__COLLECTED MATERIAL__
====

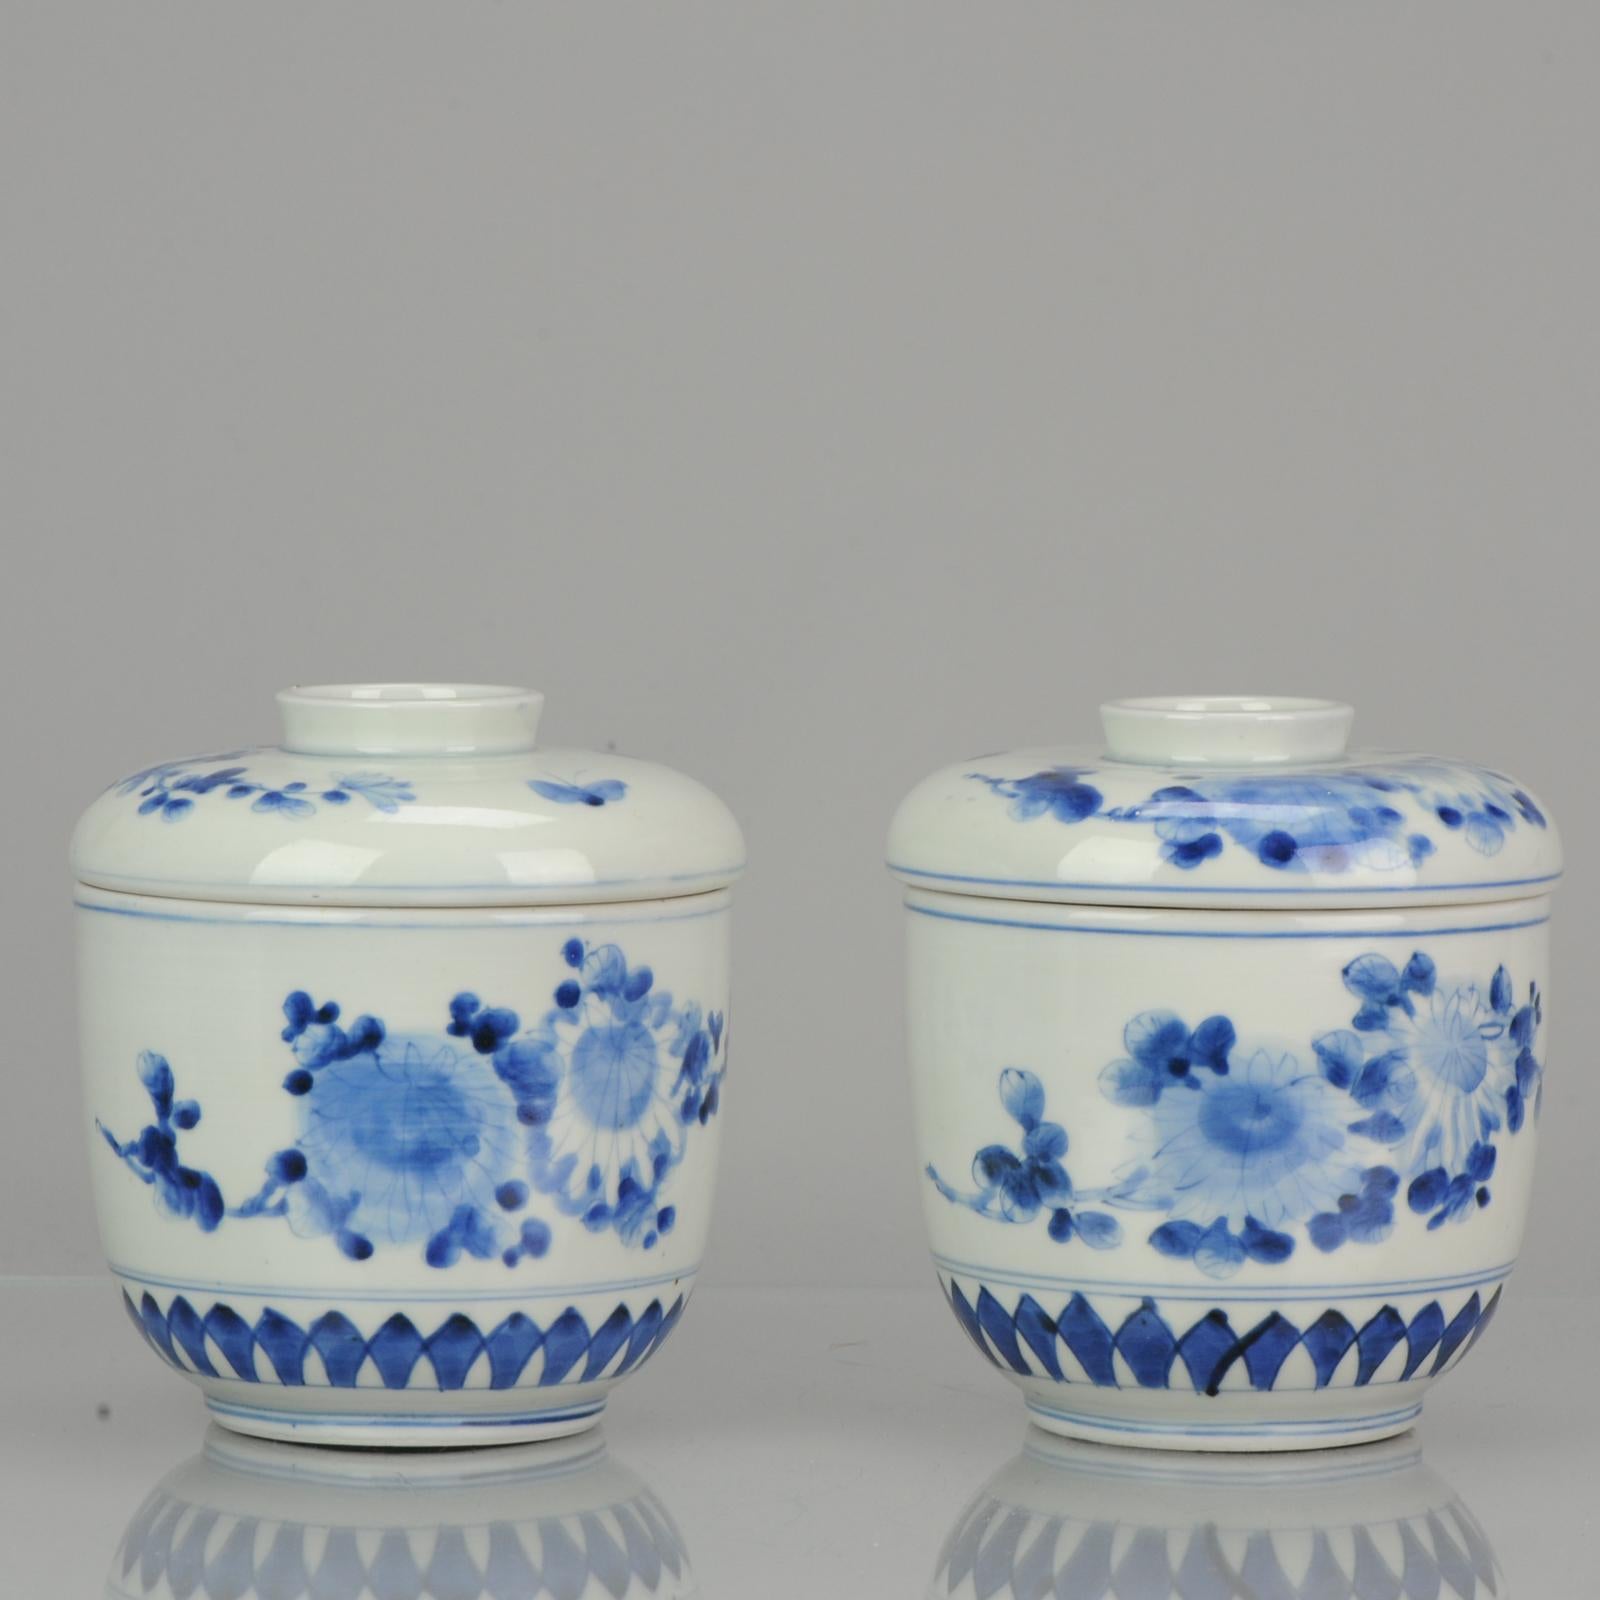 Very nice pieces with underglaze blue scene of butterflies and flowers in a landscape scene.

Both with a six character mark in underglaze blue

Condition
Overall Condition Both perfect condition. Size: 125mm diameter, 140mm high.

====

__TASK GOAL__
All lines above with the word "Condition" need to be reported.

__SOLVED EXERCISE__
Condition
Overall Condition Both perfect condition. Size: 125mm diameter, 140mm high.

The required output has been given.